Exercise requirements:
Below, find the line containing "It is exciting"; from there to the final line, print every line exactly and skip the pictures.

Information shown:
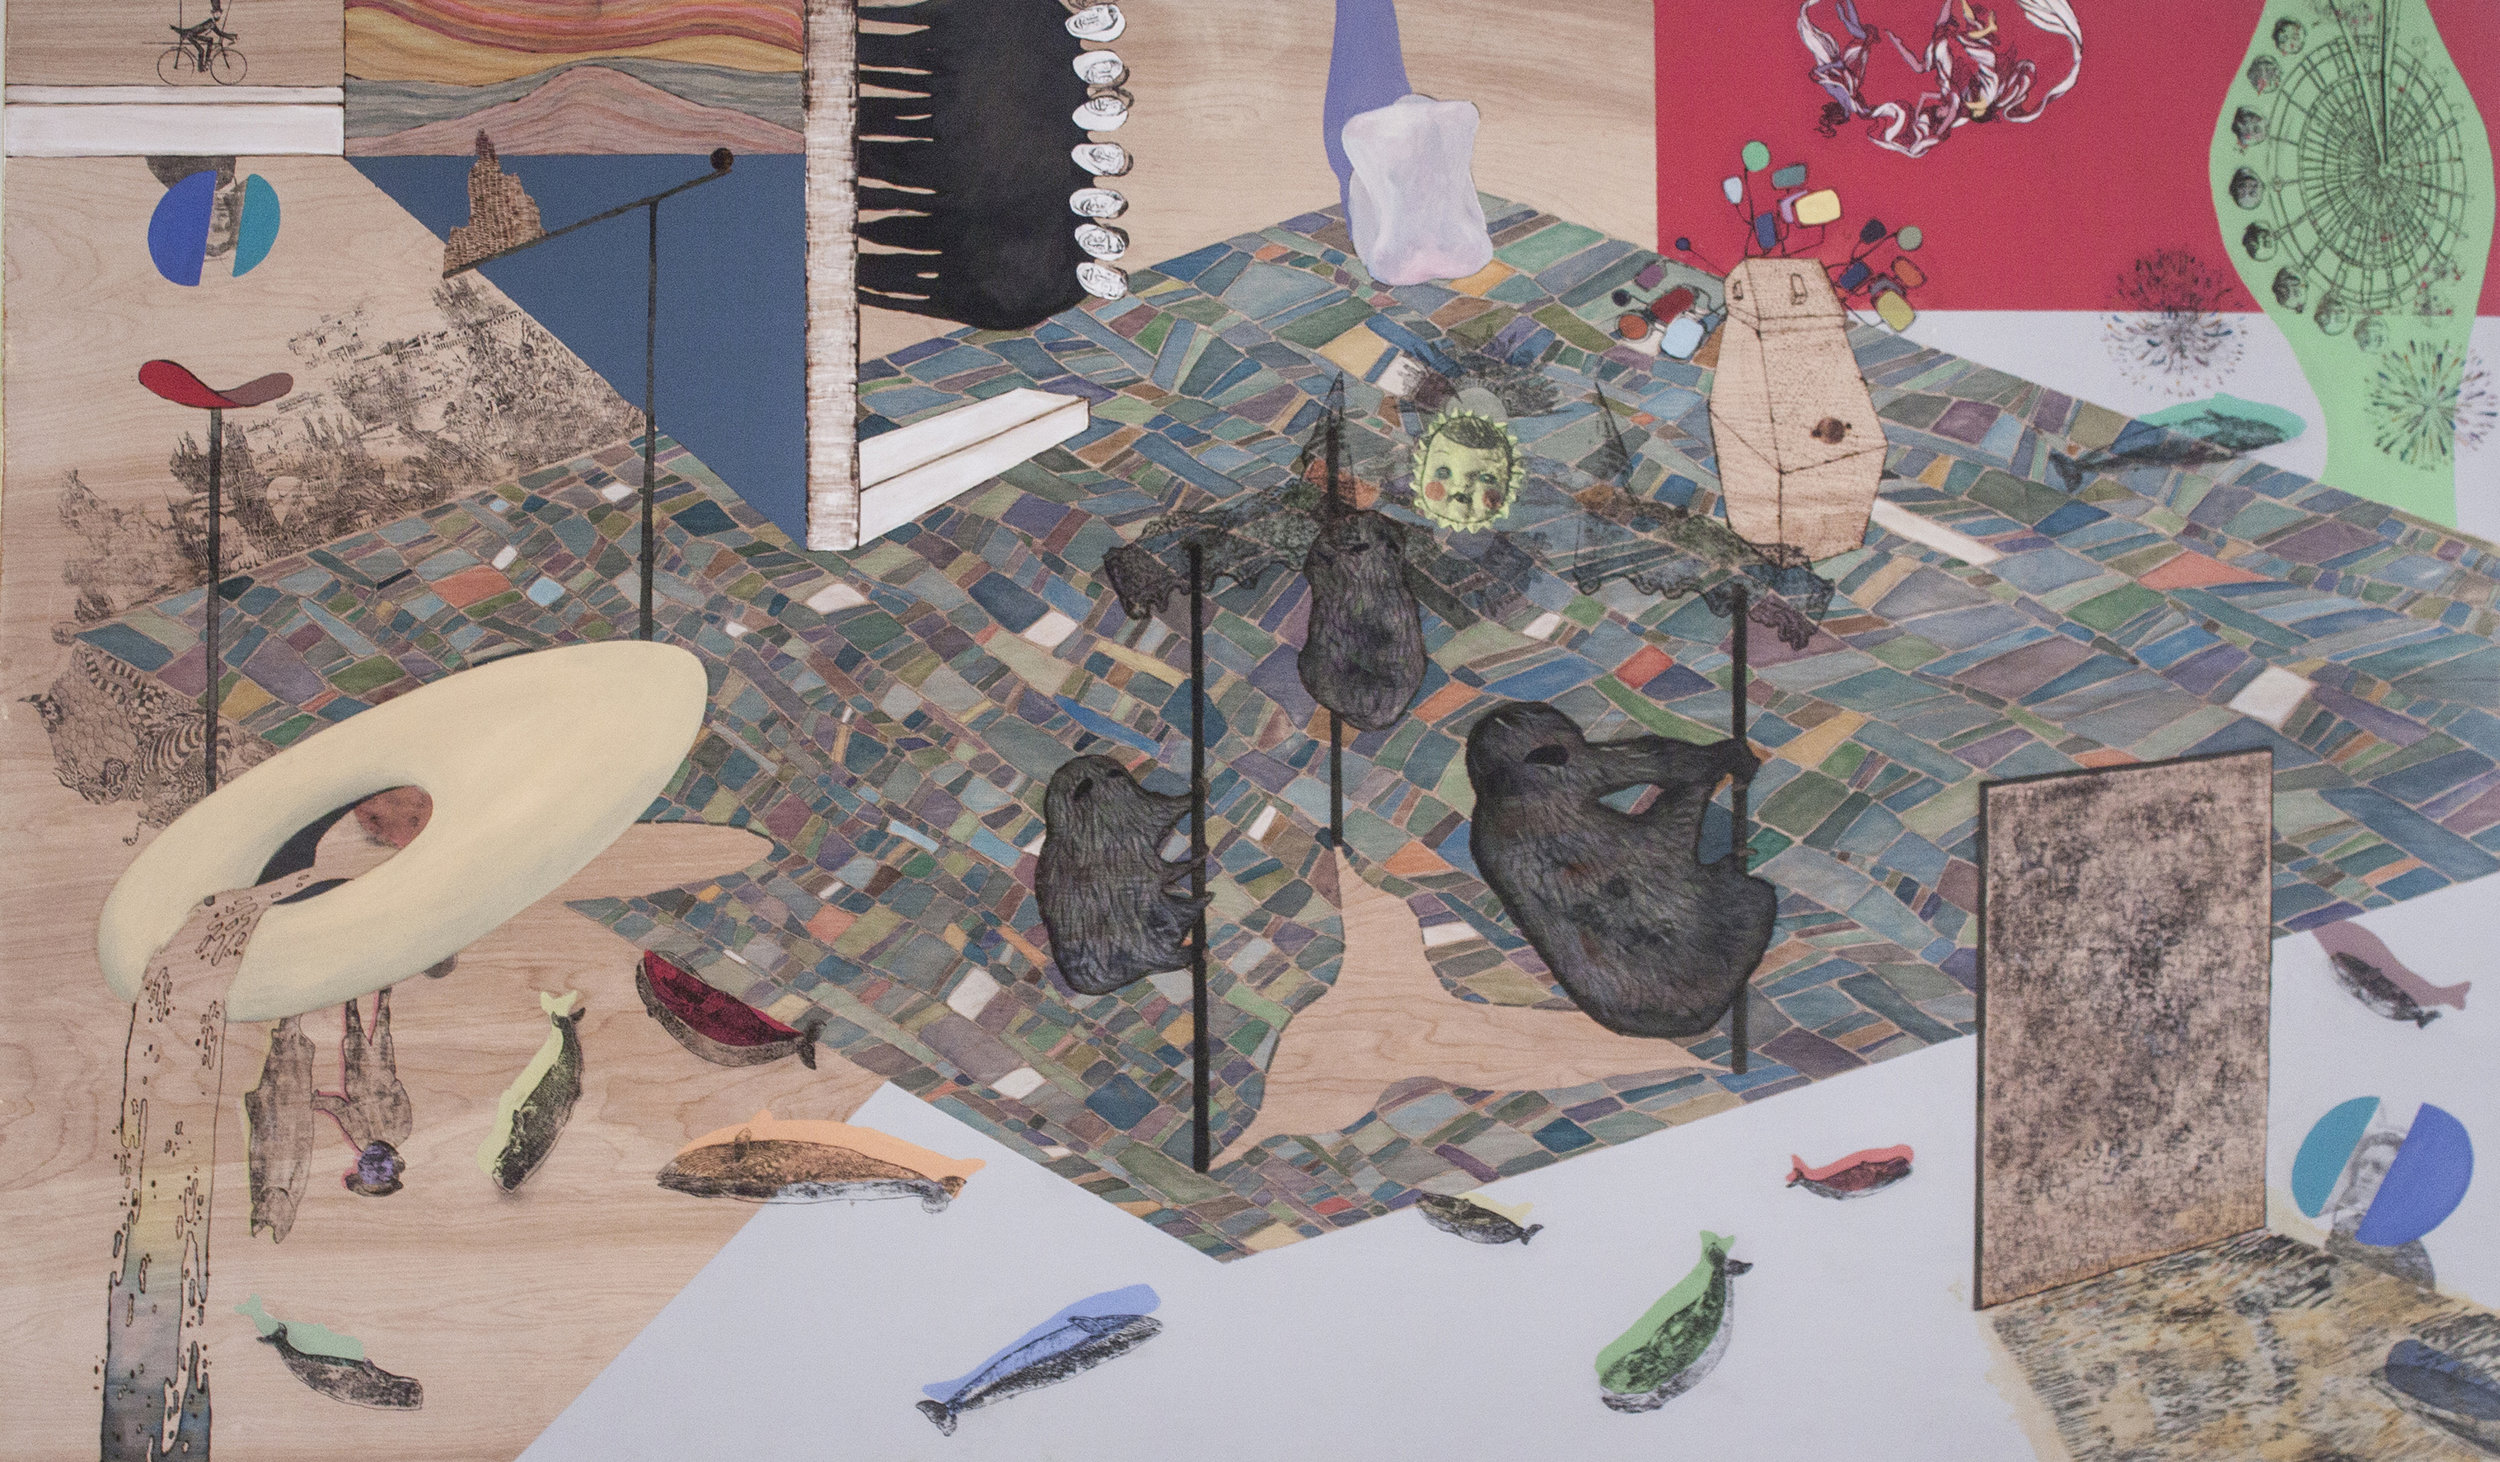 Privy Distortion, 36"x60", Watercolor and acrylic on wood panel, 2013
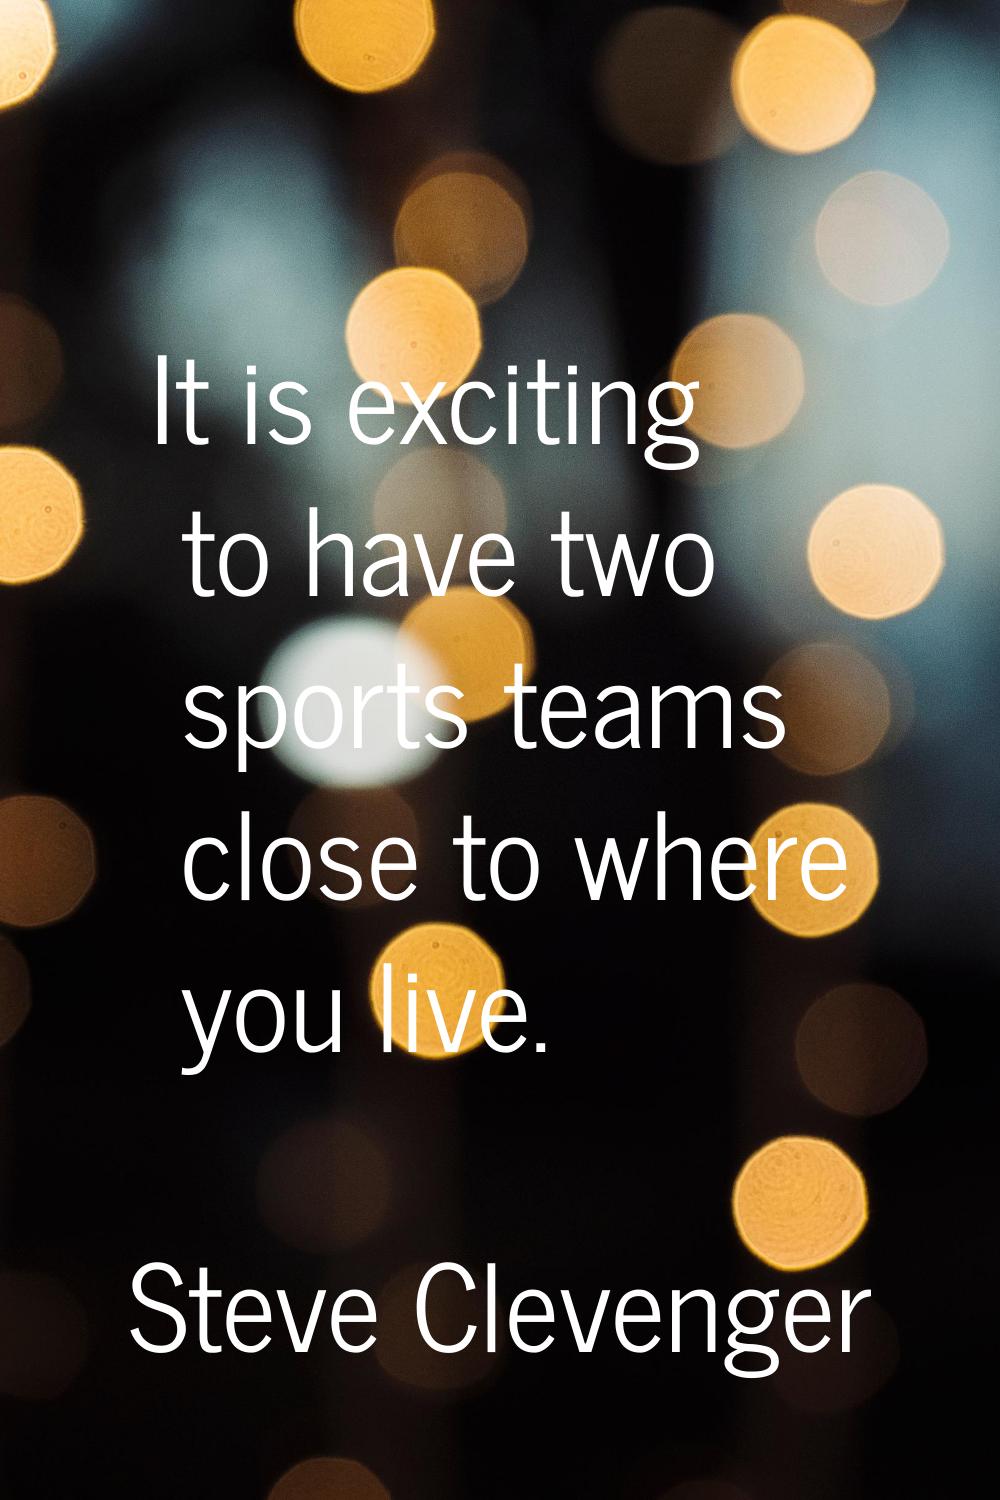 It is exciting to have two sports teams close to where you live.
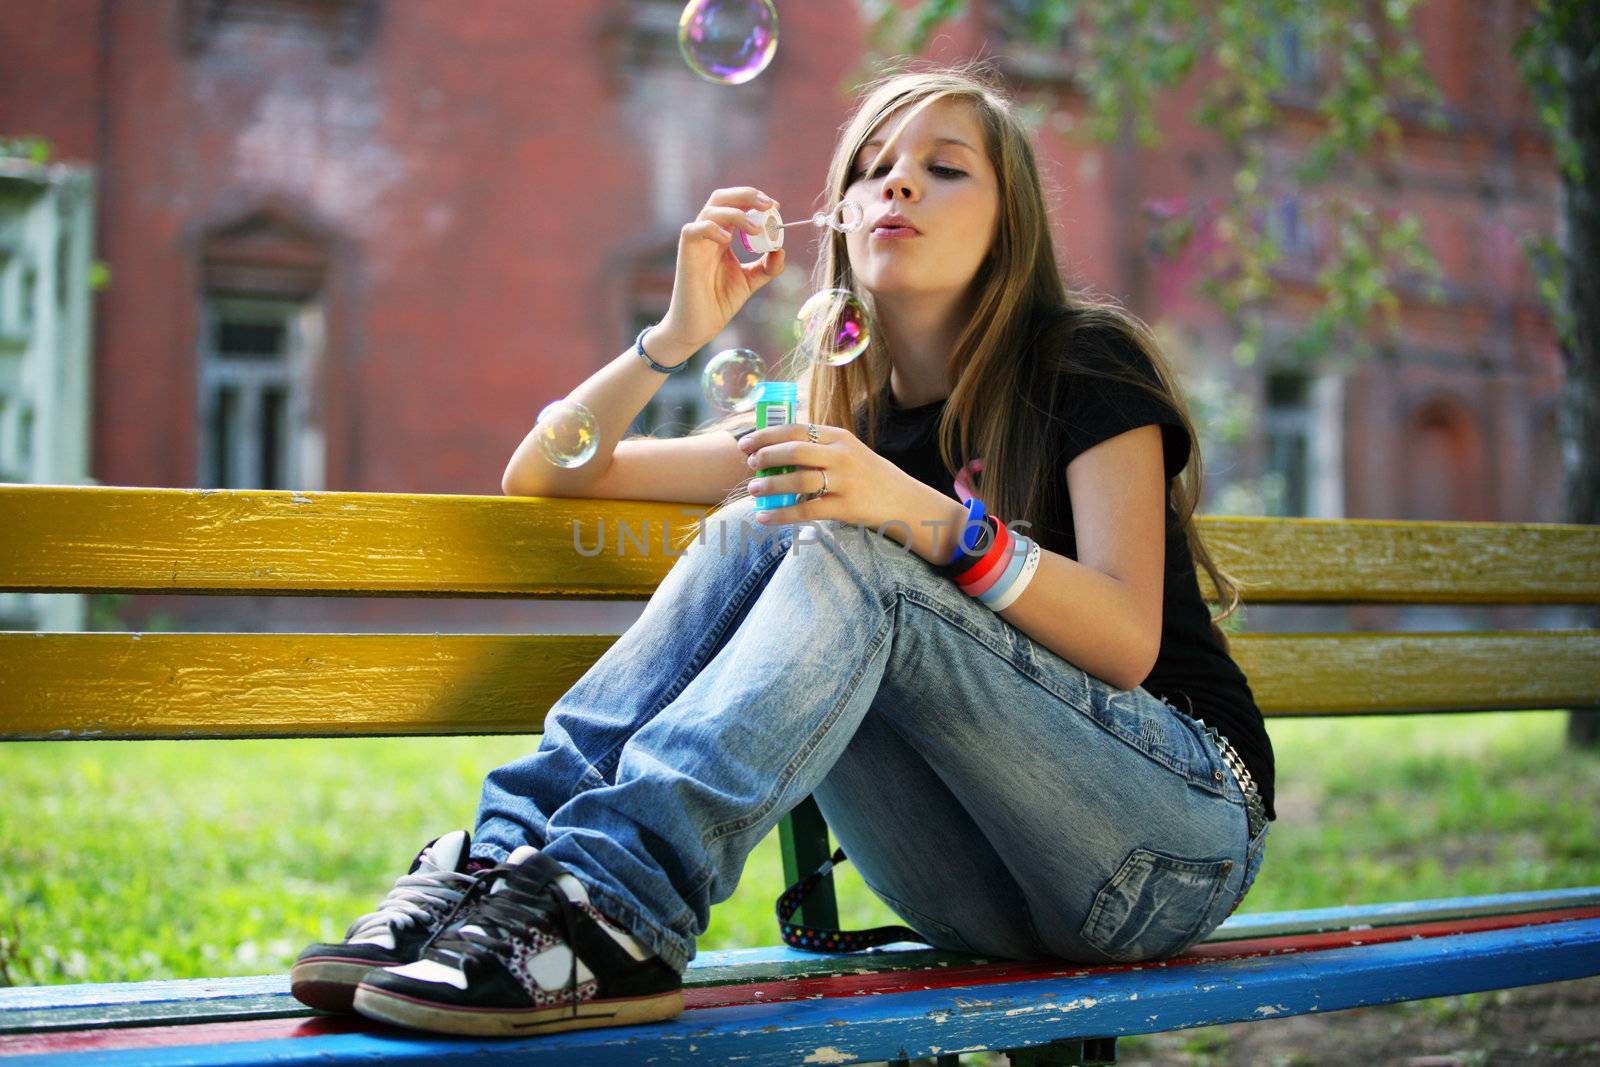 The young girl makes soap bubble

Task solution:
 It is exciting to have two sports teams close to where you live.
 The young girl makes soap bubble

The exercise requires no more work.